For full-year 2026, management guided:
- Reported revenue of $486 to $504 million (10% to 14% growth).
- Adjusted EBITDA of $105 to $110 million, 18% to 22% growth and 150 basis points margin expansion.
- Gross margin improvement of 50 basis points, driven by favorable product mix.
- CapEx of approximately $50 million, primarily for Onyx capacity and IT systems.
Management cited confidence in “sustainable double-digit revenue growth” and EBITDA growth at roughly twice the revenue rate over the long term, with PMA timing and account ramp pacing as key swing factors.
- Stent graft and Onyx adoption rates will be the primary determinants of upside or downside to guidance.
- Pipeline milestones could accelerate market expansion if approvals are secured on schedule.
Takeaways
Artivion’s Q4 showcased the power of differentiated technology and disciplined execution, with stent grafts and Onyx leading the way. As new account penetration and regulatory milestones approach, the company is positioned for sustained growth, but execution risk around U.S. launches and pipeline approvals remains material.
- Growth Engine: Stent graft and Onyx franchises are scaling, with early innings of U.S. adoption and significant market opportunity still ahead.
- Margin Story: Operational leverage and SG&A discipline are driving EBITDA margin gains, with potential for further improvement as mix shifts to higher-value products.
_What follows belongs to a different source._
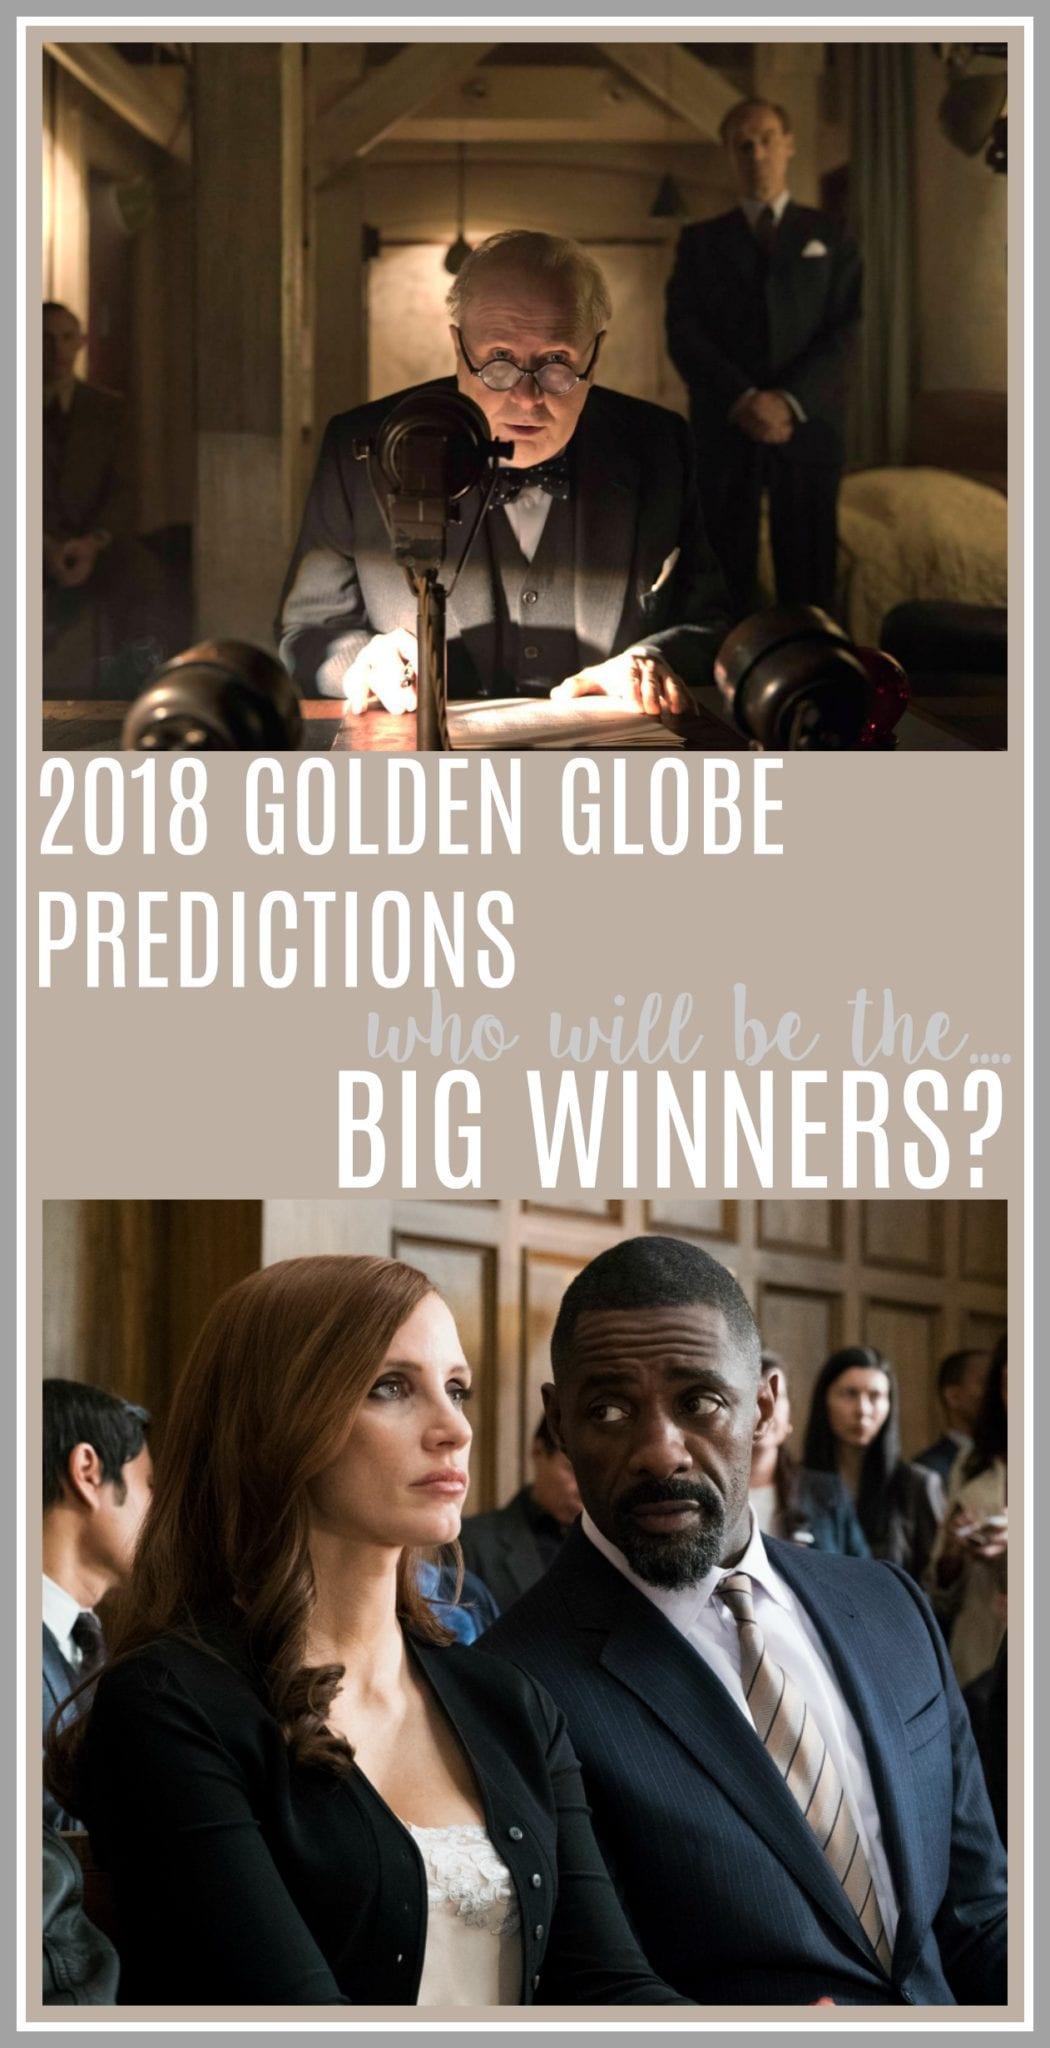 golden globes, golden globes predictions, winners

- Pipeline Watch: PMA approvals for AMDS and Nexus in 2026 are the next major catalysts; investors should track progress on trial enrollment and regulatory submissions.
Conclusion
Artivion’s 2025 performance validates its growth strategy, with strong execution in core product lines and a clear pipeline for future expansion. Sustained double-digit growth and margin gains are within reach, but investors should monitor U.S. adoption pacing and regulatory progress as the next phase unfolds.
Industry Read-Through
Artivion’s results reinforce the value of differentiated clinical data and targeted physician education in driving adoption of advanced cardiovascular devices. The success of the AMDS and Onyx launches highlights the importance of early account penetration and cross-selling in specialty medtech. The Italian payback adjustment is a reminder of the regulatory complexity facing global device makers, while the operational leverage achieved demonstrates that scale and mix shift can materially improve profitability even in R&D-intensive sectors. Competitors in aortic and structural heart markets should note the multi-year runway created by PMA catalysts and the need for robust post-market evidence to capture share in evolving indications.